Over the last couple weeks my trusty Dell D600 (5 years old) has acted strangley when I press the Power Button to power up.  Never had this problem before.  Sometimes it will not power up although the battery is good and the AC is good.  I will try it 5 ot 6 times and no power on.  The green light on the power button will light up very dimly and the thing won't power on.

Then if I leave it plugged into the AC and come back in 10 minutes--it will power on just fine with a strong green light on the power button and boots up fine.  Last night that didn't work, but this morning it did.

I get a feeling that something is going bad.  Any ideas of what it is and if it is fixable?  Thanks, JK


----------



## Zatharus (Dec 3, 2009)

Is the battery also 5 years old?


----------



## jackz4000 (Dec 3, 2009)

No.  Both batteries are a couple years old and last about 2.5 hours each.  I'm usually on AC.


----------



## Zatharus (Dec 3, 2009)

Well, with being on AC most of the time, those batteries will still take quite a hit in their usefulness.  If you are going to be on AC for an extended period of time, you should remove the battery.  

Will the computer power up at all without the battery in?  

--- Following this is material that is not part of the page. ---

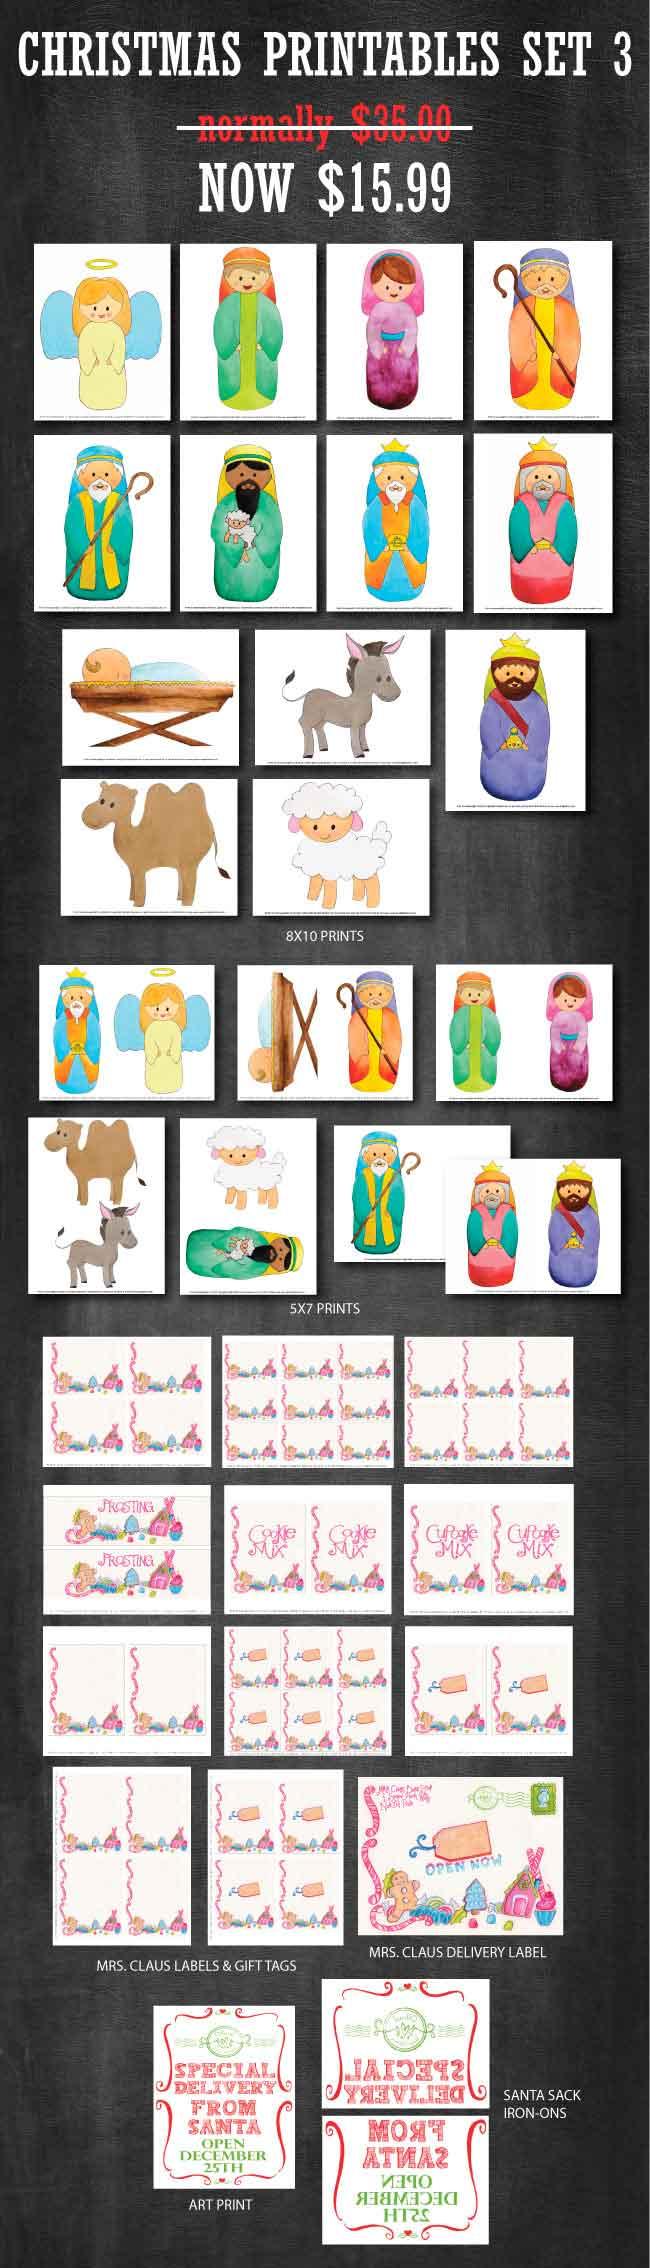 Design Dazzle Printable Set available at www.designdazzle.com

And, do you have a spare power supply?  You could have a weak power supply if it has been in constant use for several years.


----------



## jackz4000 (Dec 3, 2009)

Yes, I leave the batteries in when I'm on AC power.  You think I should remove the battery when on AC?

No, I don't have a spare power supply,  maybe mine is dying out?


----------



## Zatharus (Dec 3, 2009)

Yes, when operating on AC for an extended period of time, you should remove the battery to prolong its life.  Most laptops operate by drawing power from the battery constantly, if it is installed.  If you are running off of AC, you are constantly charging the battery.  

While you are running of AC, and thus constantly charging the battery, the battery will heat up and stay hotter than under normal conditions.   Most computers are set to run at greater speed or less power conserving modes when connected to AC.  This will typically cause the whole machine to generate more heat.  A hot battery will age faster.

Have you tried powering the computer without the battery yet?  If it boots normally, that can mean that the battery is going bad and drawing too much power from the power supply.  It could also mean that the power supply is going bad and is unable to both power the computer and charge the battery.  Or, it may be a combination of both.


----------



## jackz4000 (Dec 3, 2009)

Thanks Zatharus,  With the laptop on I removed the battery and shut down the laptop.  Then I pressed the Power On button and it immediately came to life and booted up.  I did this twice. Not like how it has been recently behaving.  I'll keep the battery out and see how it goes.  I had thought when I was on AC that the battery did not supply power to the laptop except if the charge was low.

My laptop is on AC at least 90% of the time.  I guess I'll just let the batteries discharge and only put them in to charge when I anticipate that I will be using them.  I'll see how this works this week.  Thanks again, JK


----------



## jackz4000 (Dec 3, 2009)

My local computer guru (a friend) just got back to me.  Agreed that I should keep the battery out when I'm on AC.  Said my lappy probably has "electrical fatigue" and is on its way out.  Thanks, Jk


----------



## Zatharus (Dec 3, 2009)

My pleasure Jack.  I concur with your friend's assessment.

You may want to pick up another power supply if you plan on keeping that laptop for much longer.  Having a spare is not only handy, but I wouldn't be surprised if it is on its last legs as well.


----------



## jackz4000 (Dec 3, 2009)

Do you mean the external AC power supply with the AC cord or do you mean an internal one?


----------



## Zatharus (Dec 3, 2009)

The external AC power supply.  All that the laptop has internally is a voltage regulator and charging circuitry.


----------



## johnb35 (Dec 3, 2009)

He's talking about the power adapter, the cord that plugs in from the wall socket to the laptop.


----------



## jackz4000 (Dec 4, 2009)

Hhhmmm.  Ok.  I did pick-up a new one around 2 weeks ago since my old one the wire seemed to be looking beat-up.  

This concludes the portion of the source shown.